EYEWITNESS LOCAL NEWSHATFIELD MCCOY ARTIFACTS
from Eyewitness News Online
Hatfield McCoy Feud Artifacts Discovered
Reported by: Jeff Morris
Web Producer: Jeff Morris
Reported: Dec. 31, 2012 1:09 PM EST
Updated: Jan. 1, 2013 11:04 AM EST
Hardy , Pike County , Kentucky
Artifacts from the Hatfield McCoy Feud, including bullets that were fired during the feud, have been found.
During filming of the new National Geographic TV show “Diggers,” the first ever archeological artifacts from the feud were found in rural Kentucky, according to a news release from West Virginia University. The artifacts discovered in Hardy include bullets fired during a key battle in the feud. Other items discovered include pieces of the McCoy cabin which was burned when the Hatfields attacked it on New Year's Day 1888.
WVU Extension Professor Bill Richardson was part of the discovery. "I cannot overstate how amazing this find is,” Richardson said. “We uncovered actual bullets that were fired 125 years ago during the feud. It is incredible to hold something like that in your hand."
The show “Diggers” is about two men who search for historic artifacts using metal detectors.

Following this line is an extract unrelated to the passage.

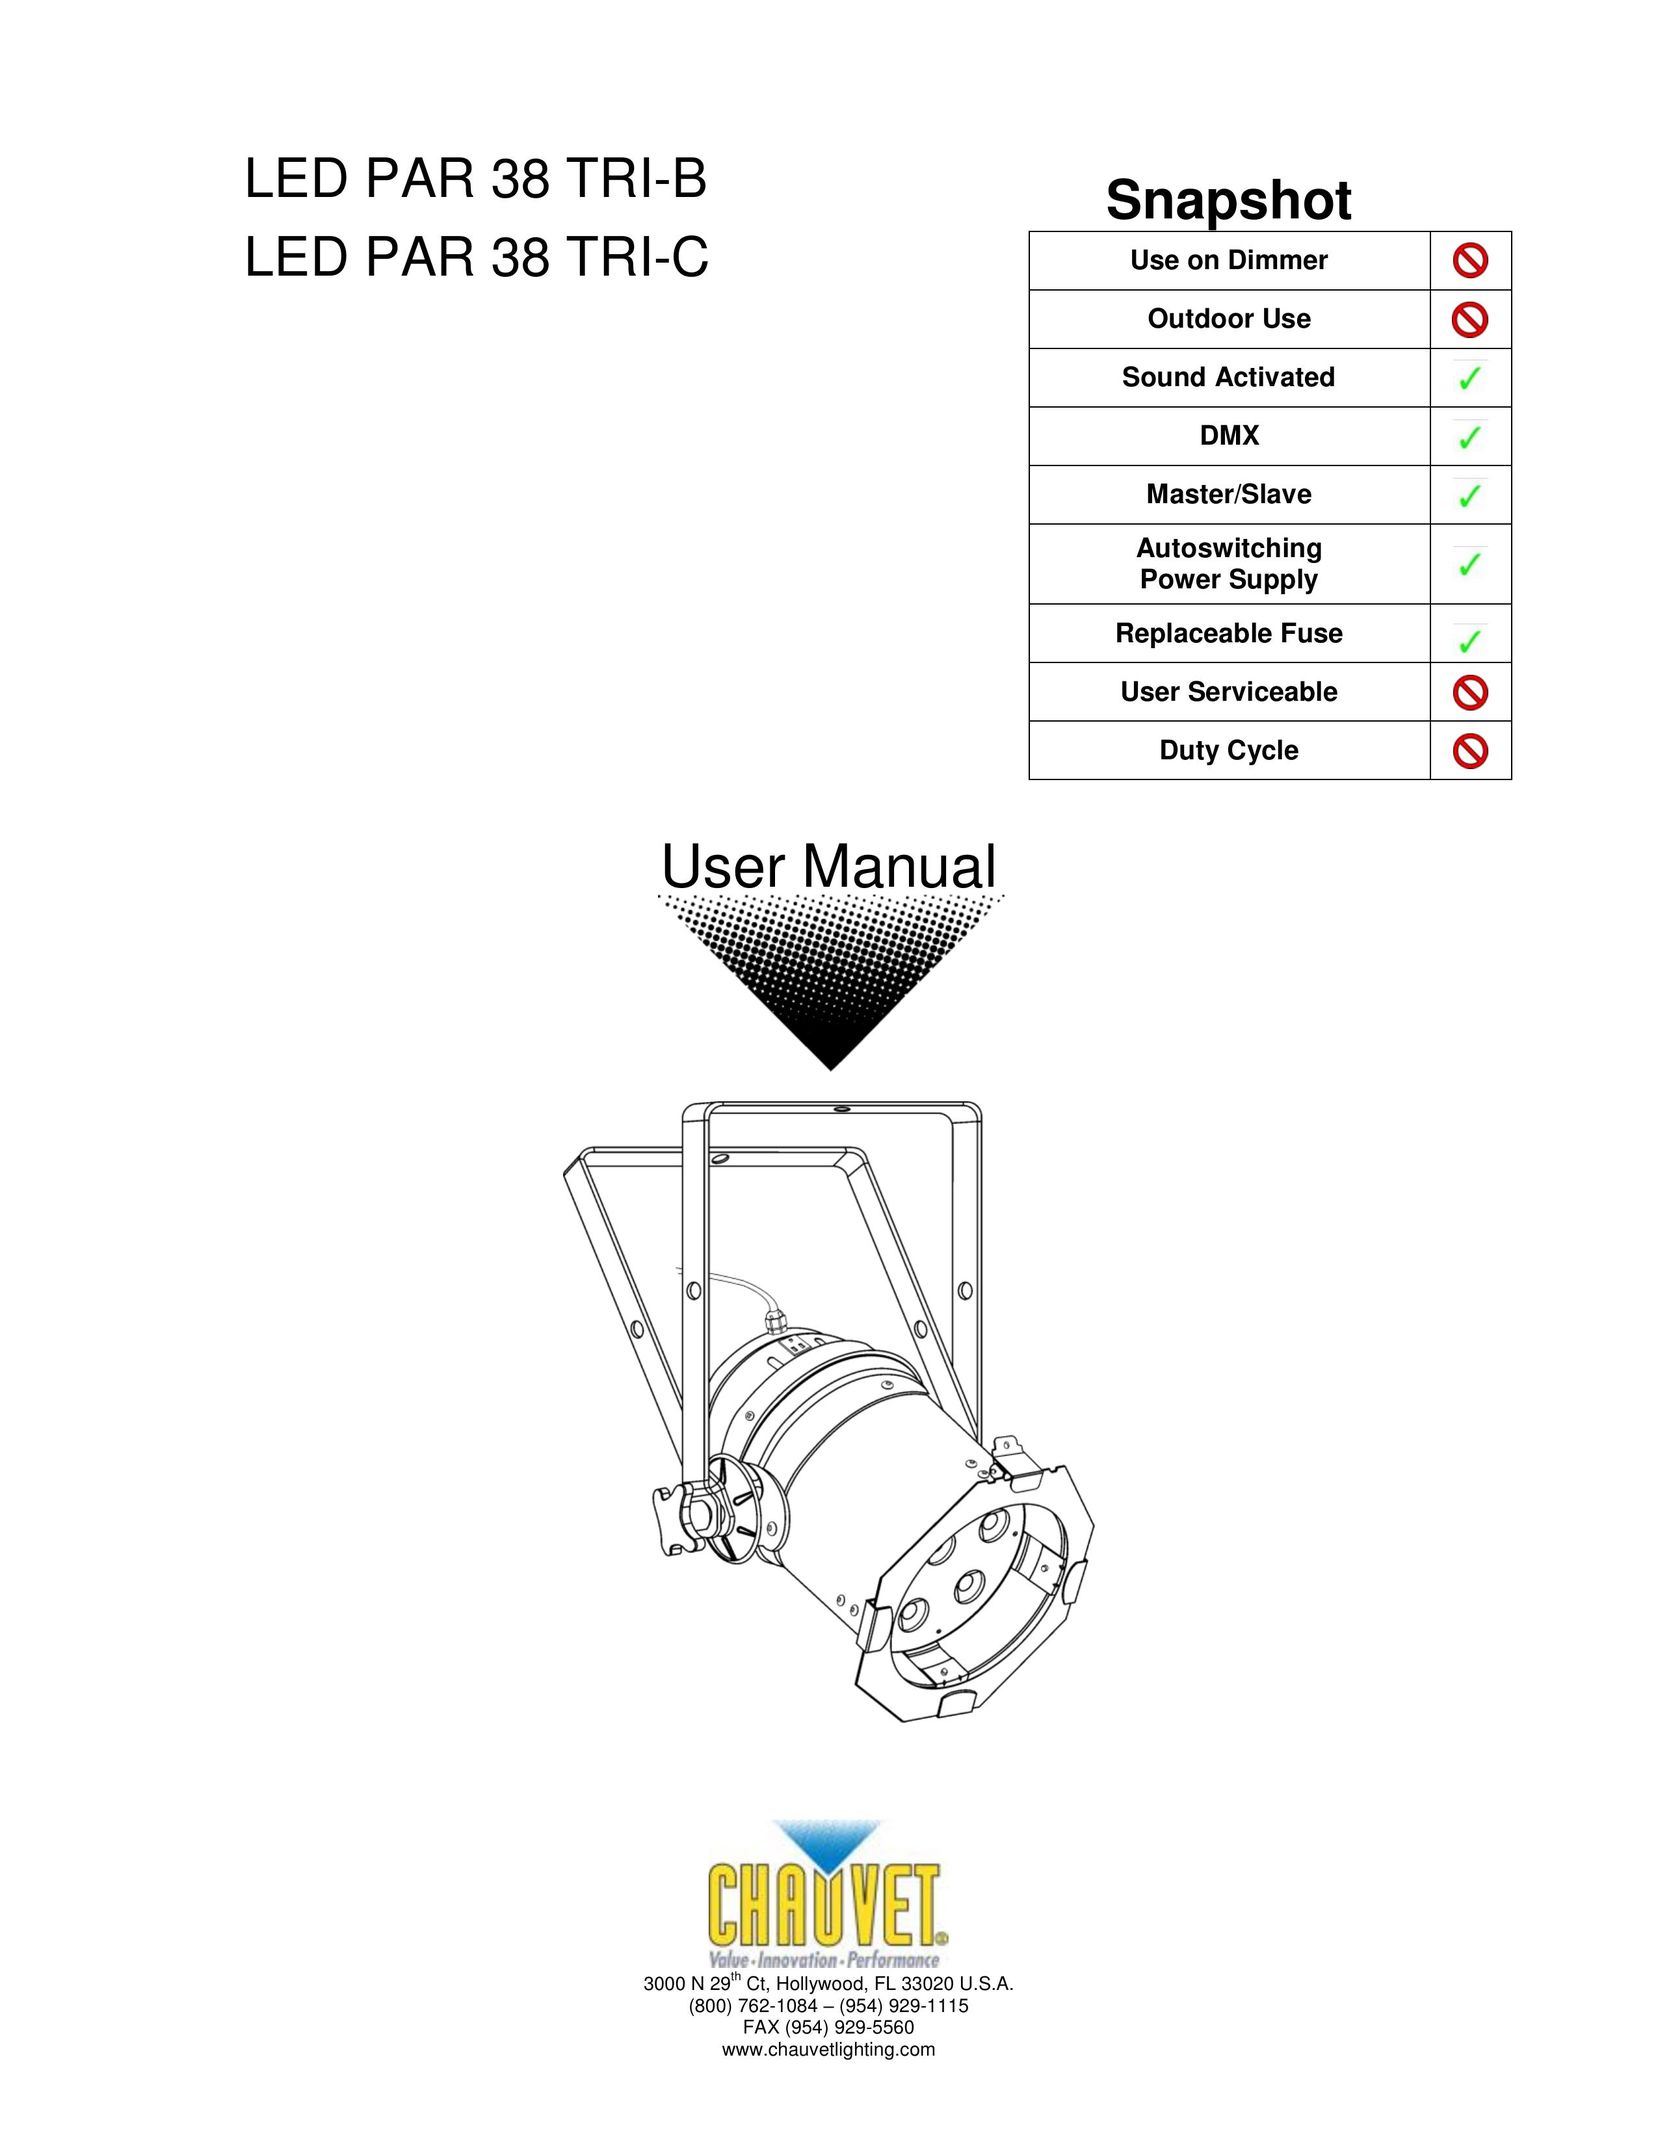 Chauvet LED PAR 38 TRI-C Laminator User Manual (Page 1)

Richardson brought the show here as part of his work to promote tourism. There had never been any archeology done on the Hatfield McCoy Feud and this was an opportunity to do some preliminary work and get national TV exposure at the same time.

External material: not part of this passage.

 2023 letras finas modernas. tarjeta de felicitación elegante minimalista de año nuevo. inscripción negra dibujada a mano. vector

The new National Geographic Channel series “Diggers” premieres Tuesday, Jan. 1, with back-to-back episodes at 10 p.m. and 10:30 p.m. The episode detailing the McCoy homestead discovery airs on Tuesday, Jan. 29, at 10 p.m.
The raid on the McCoy cabin on Jan. 1, 1888, was a turning point in the Hatfield McCoy Feud. The conflict had lasted 23 years by that point but 20 days after it the Hatfields were in jail. To find artifacts from an event of this importance makes them even more significant.
"These items are going to be great for tourism in the region," said Bob Scott, owner of the property where the artifacts were found. "We are so excited about this discovery."
The episode of the television show “Diggers” that features the uncovering of the artifacts will air at 10 p.m. Jan. 29 on the National Geographic Channel.
"We are thrilled to be able to share this with the world," Richardson said. "No one has discovered bullets that were fired by Jesse James or from the OK Corral. It is so rare to find something so significant from such an iconic event in American history."
There were three different calibers of bullets uncovered including shotgun pellets. The bullets were 4-6 inches underground and spread out over an area of about 30 feet wide by 20 feet high.
This is the first ever science that has been done on the feud. Before this most of what was known came from oral histories, wildly exaggerated newspaper accounts and a few trial transcripts. Many of the facts of the story have been under debate for 125 years. Now for the first time there is hard evidence that can be used to understand these events.